Reputation: 803
I had such a Hadoop job. The MR has only map , not reduce. So set job.setNumReduces(0). The input files are about 300+
Then I run the job, I can see only 1 map task running. It consumes about 1 hour to finish it. Then I check the result, I can see 300+ result files in output folder.
Is there any wrong with it ? Or it is the right thing ?
I really expect that Map should equal to the num of the input file ( not 1 ). I also don't know why output file num same as input file num.
The hadoop job is submitted from oozie.
Thank you very much for your kindly help. Xinsong
Upvotes: 0
Views: 90
Reputation: 936
Number of mapper is controlled by the number of InputSplits. if you are using default FileInputFormat it will create a inputsplit for each file. so if you have 300+ input files it is expected to run 300+ map tasks. you can not explicitly controll this (number of mappers).
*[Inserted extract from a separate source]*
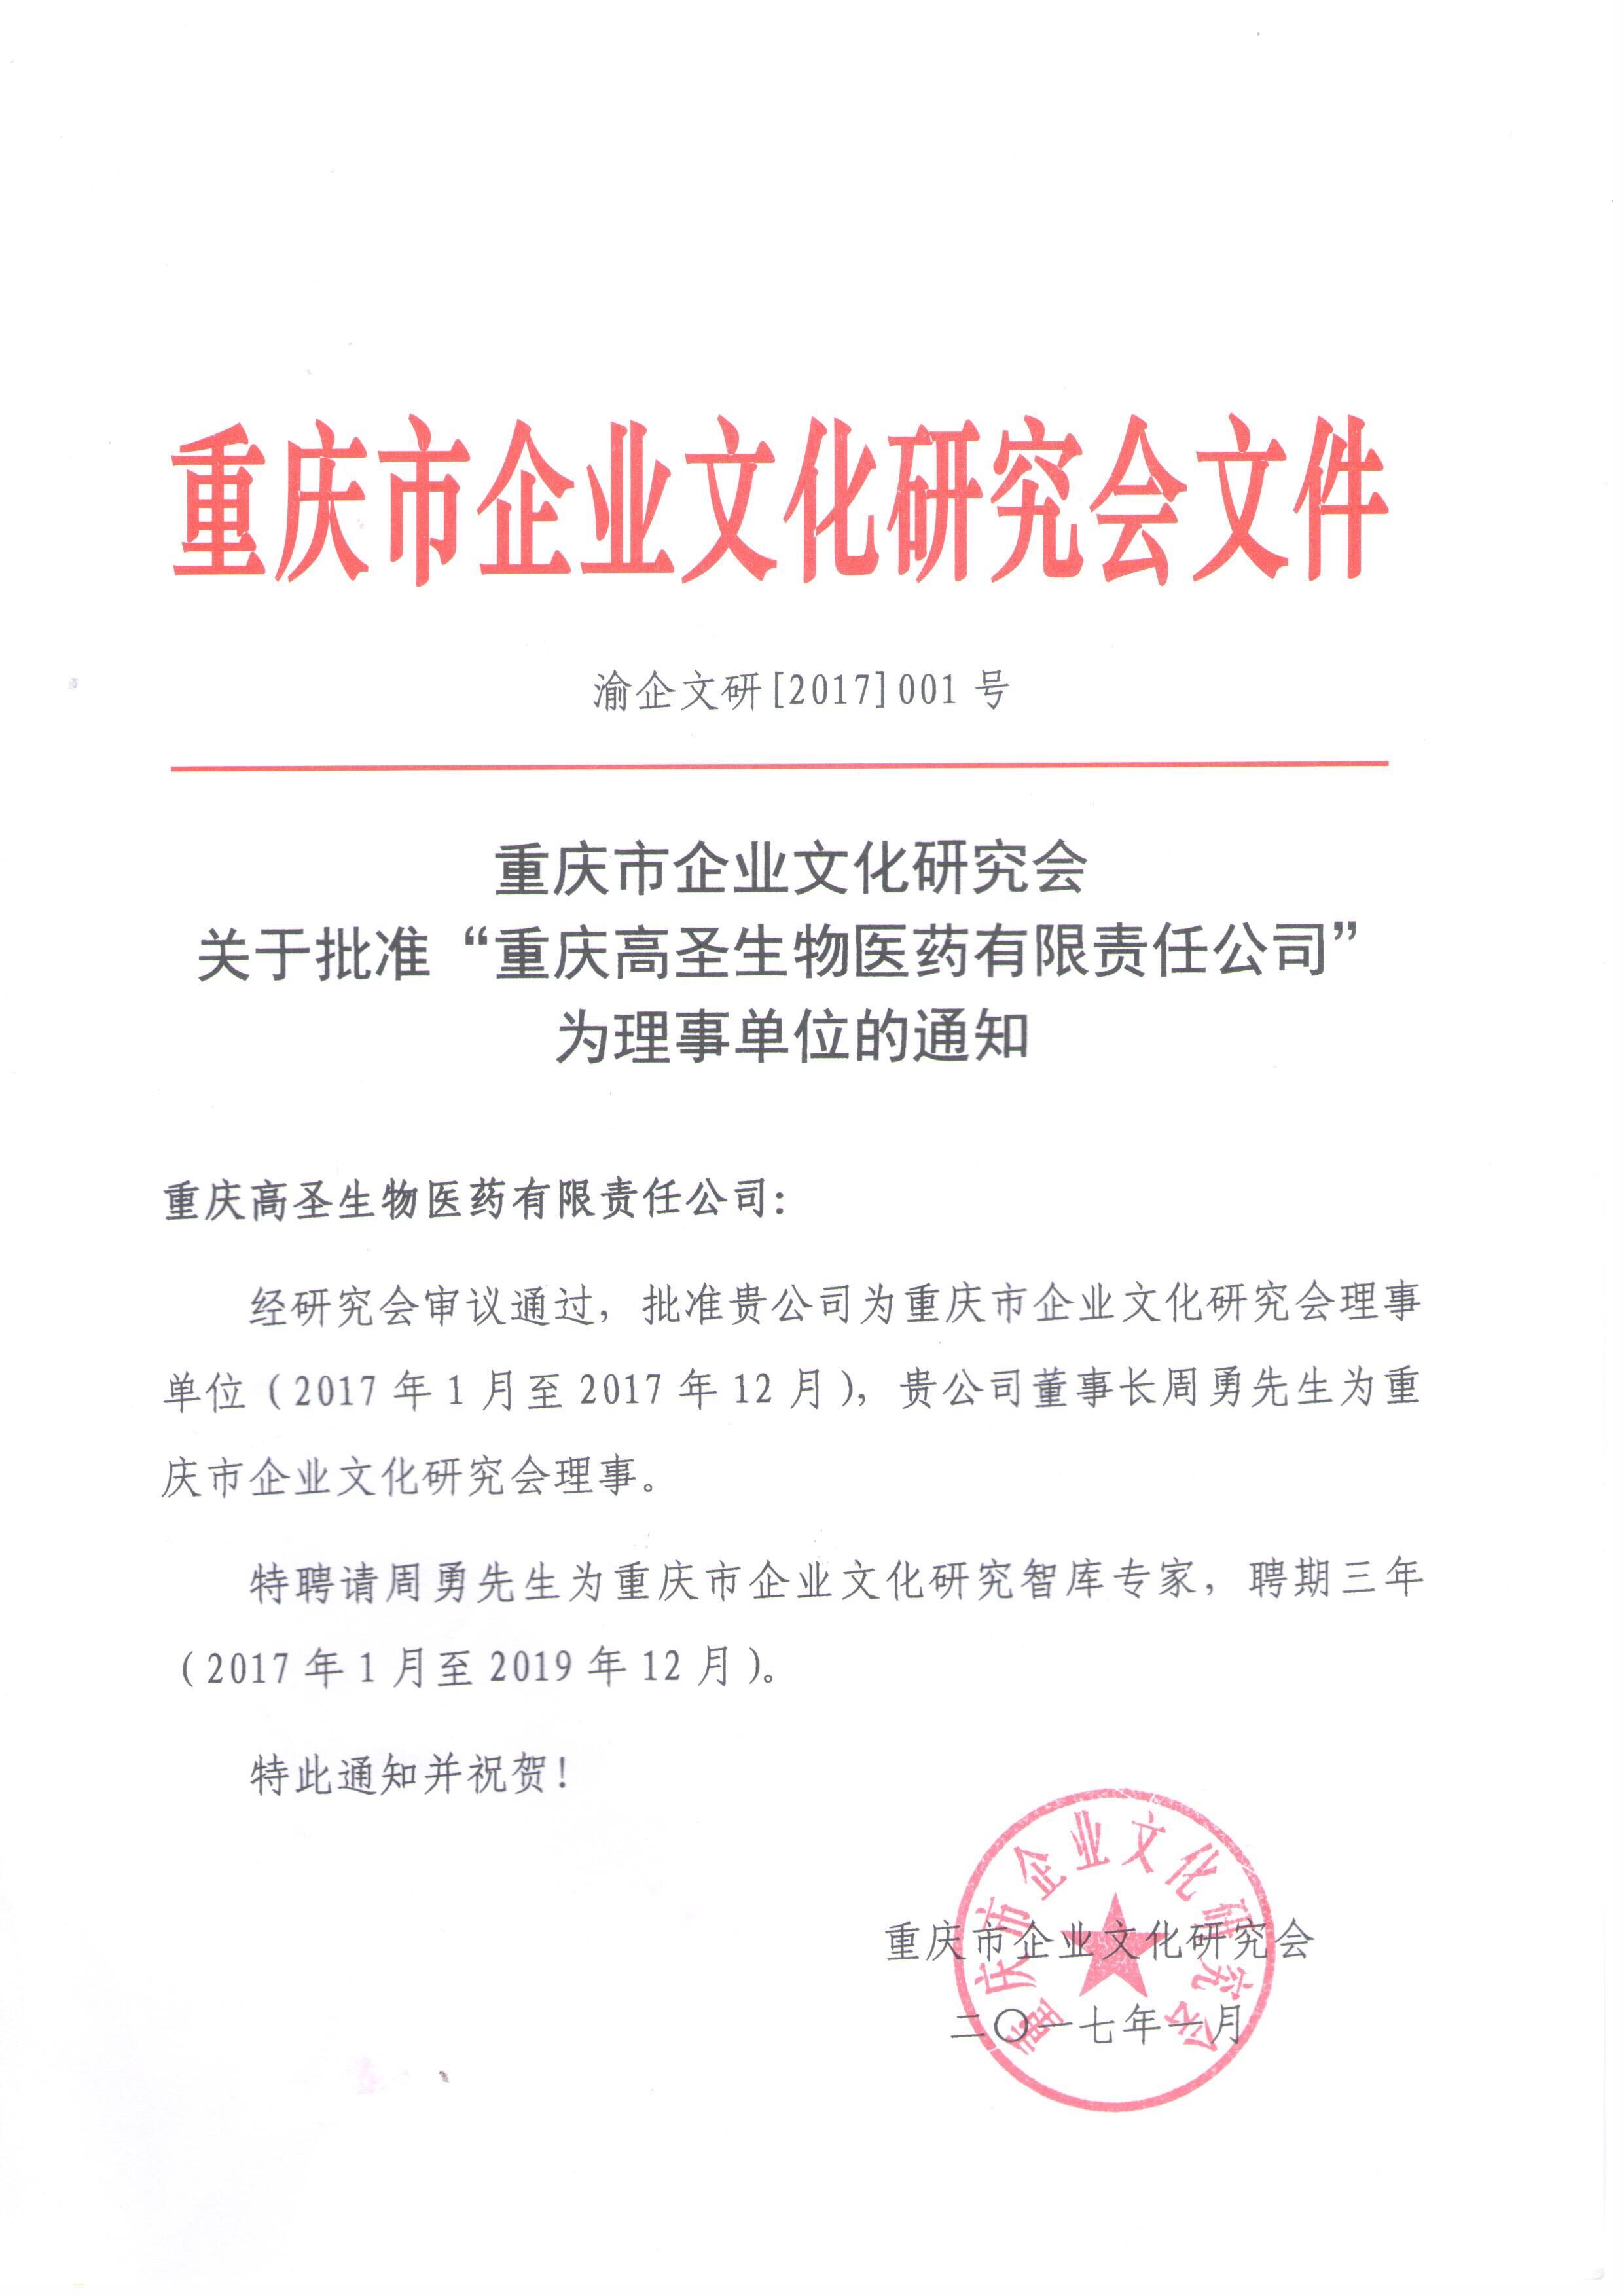 文化兴企，文化强国！ ——热烈祝贺高圣医药成为重庆市企业文化研究会理事单位
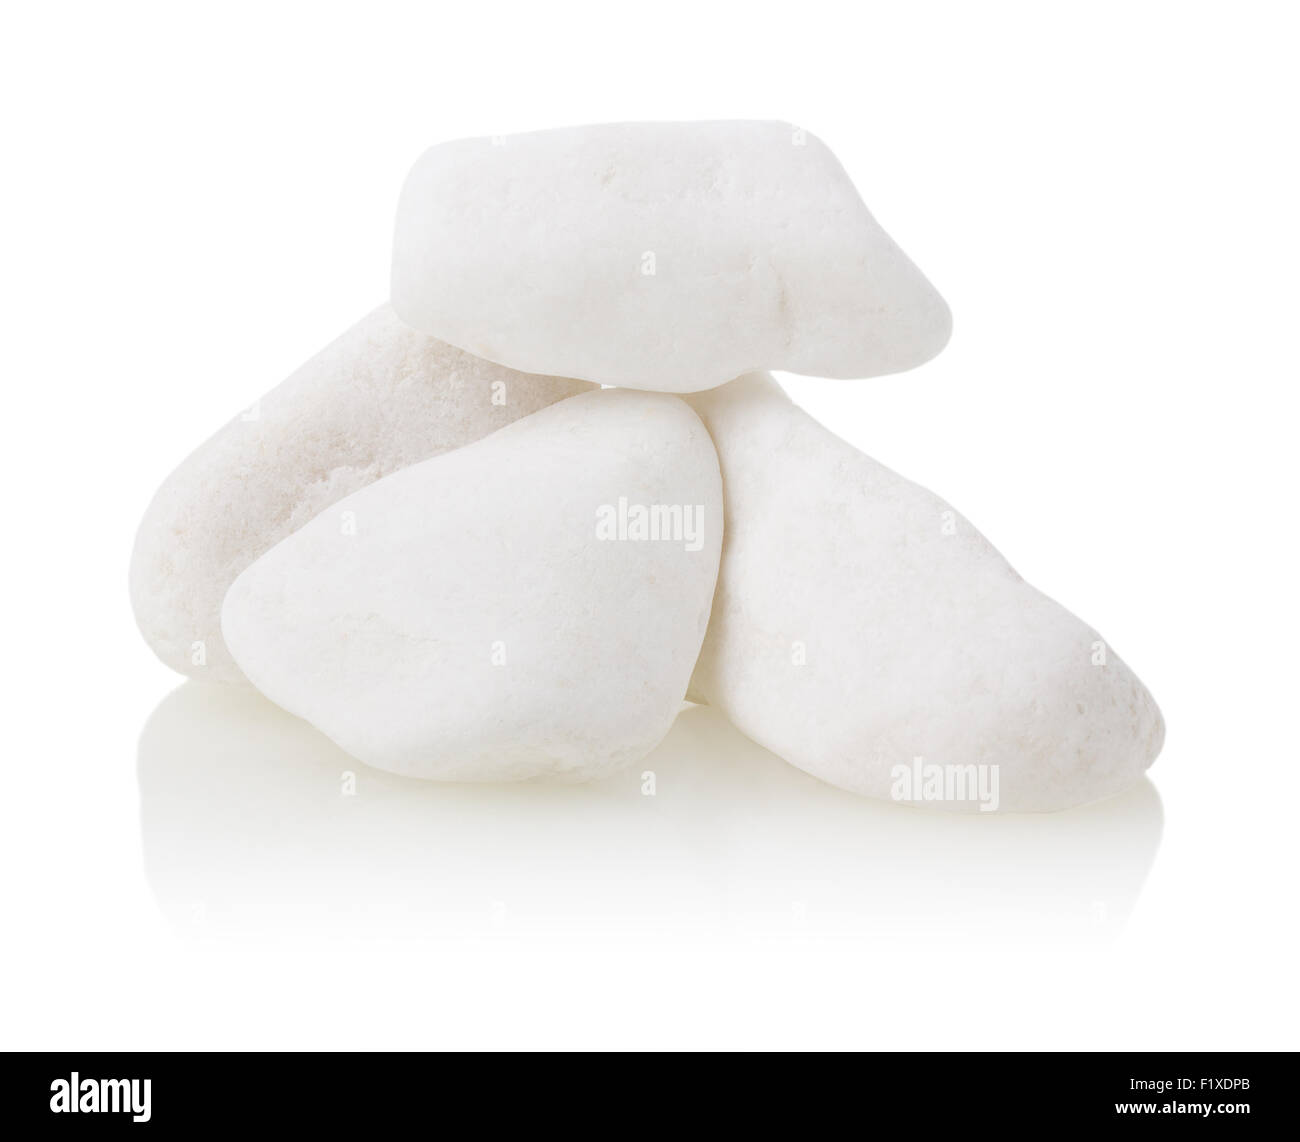 white stones on a white background. Stock Photo

Since number of reducers is set to 0 all output from mappers run written to output considering output format.thats why you are getting 300+ output files.
Upvotes: 1
Reputation: 750
When you set number of reducers to 0, you the output that is generated corresponds to that generated by the map tasks alone.
There may be a large number of files being generated in the output that corresponds to the Splits on your data. Each Split of your data will spawn a new map task.
Going by the time of execution, i assume your filesize is pretty large and not 1. So it is perfectly fine for a large number of files to be generated.
Upvotes: 1